June 17, 2015 | Julian McAuley*1, Christopher Targett†2, Qinfeng ('Javen') Shi‡2, and Anton van den Hengel§2,3
This paper presents a method for image-based recommendations on styles and substitutes, aiming to model the human sense of visual relationships between objects based on their appearance. The approach does not rely on fine-grained user annotations but instead uses a large-scale dataset and a scalable method to uncover human notions of visual relationships. The system is designed to recommend which clothes and accessories will go well together, among other applications.
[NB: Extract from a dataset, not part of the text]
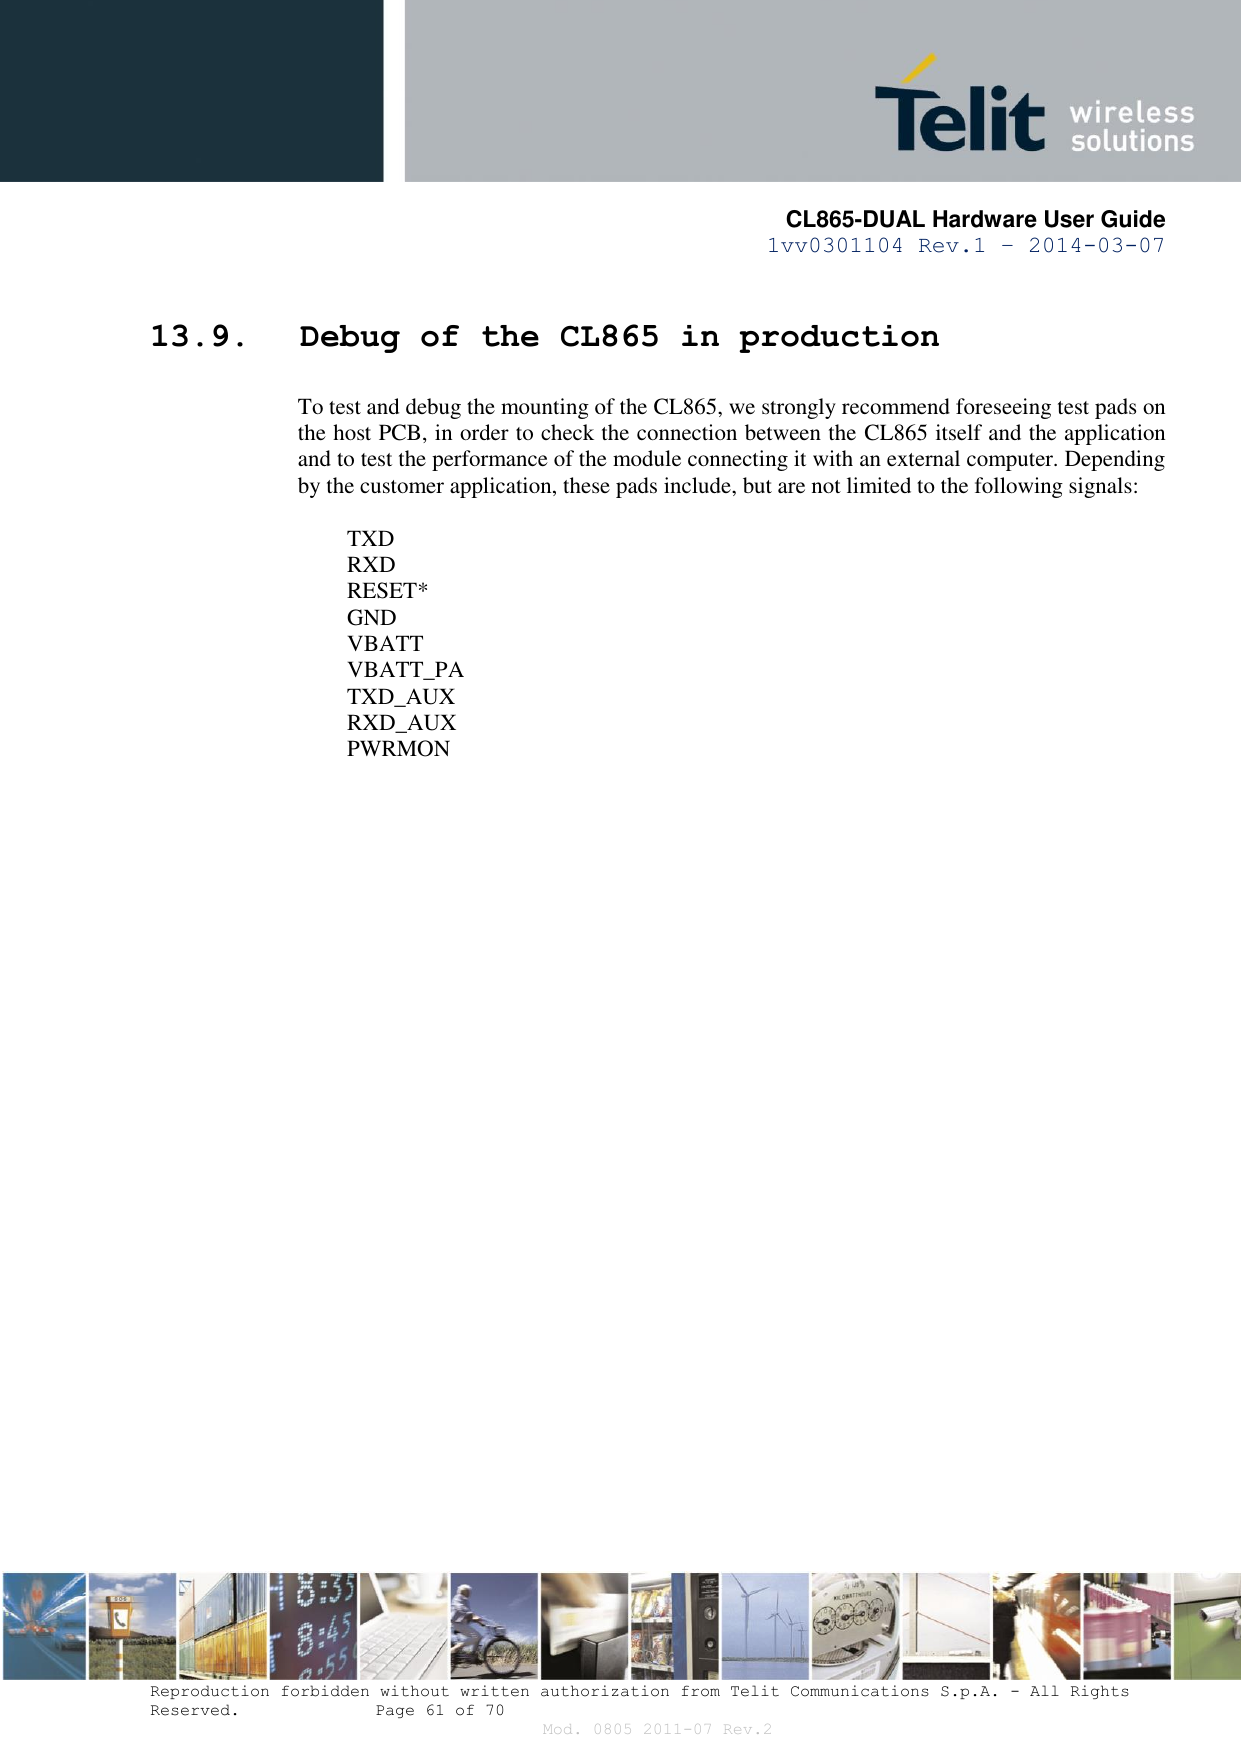       CL865-DUAL Hardware User Guide 1vv0301104 Rev.1 – 2014-03-07  Reproduction forbidden without written authorization from Telit Communications S.p.A. - All Rights Reserved.    Page 61 of 70 Mod. 0805 2011-07 Rev.2 13.9. Debug of the CL865 in production To test and debug the mounting of the CL865, we strongly recommend foreseeing test pads on the host PCB, in order to check the connection between the CL865 itself and the application and to test the performance of the module connecting it with an external computer. Depending by the customer application, these pads include, but are not limited to the following signals:   TXD  RXD  RESET*  GND  VBATT  VBATT_PA  TXD_AUX  RXD_AUX  PWRMON

The authors propose a visual and relational recommender system that models human visual preferences by analyzing the appearance of objects. The system is based on a network inference problem defined on graphs of related images and uses a large-scale dataset for training and evaluation. The dataset, called the Styles and Substitutes dataset, contains over 180 million relationships between nearly 6 million objects, derived from Amazon's product recommendations.
The system uses a convolutional neural network to calculate feature vectors for each object and learns a parameterized distance transform to model the relationships between objects. The distance transform is based on a shifted sigmoid function, which relates distance to probability. The authors propose several distance functions, including weighted nearest neighbor and Mahalanobis transform, to model the relationships between objects.
The system is evaluated on various categories, including books, movies, music, and clothing. The results show that the proposed method outperforms both category-based methods and weighted nearest neighbor approaches. The method is also able to personalize recommendations based on individual user preferences.
The authors also demonstrate the ability of the system to generate recommendations for users of a web store, based on the visual style of the query item. The system is able to recommend items that complement the query item, such as a shirt, shoes, or accessories that belong to the same style.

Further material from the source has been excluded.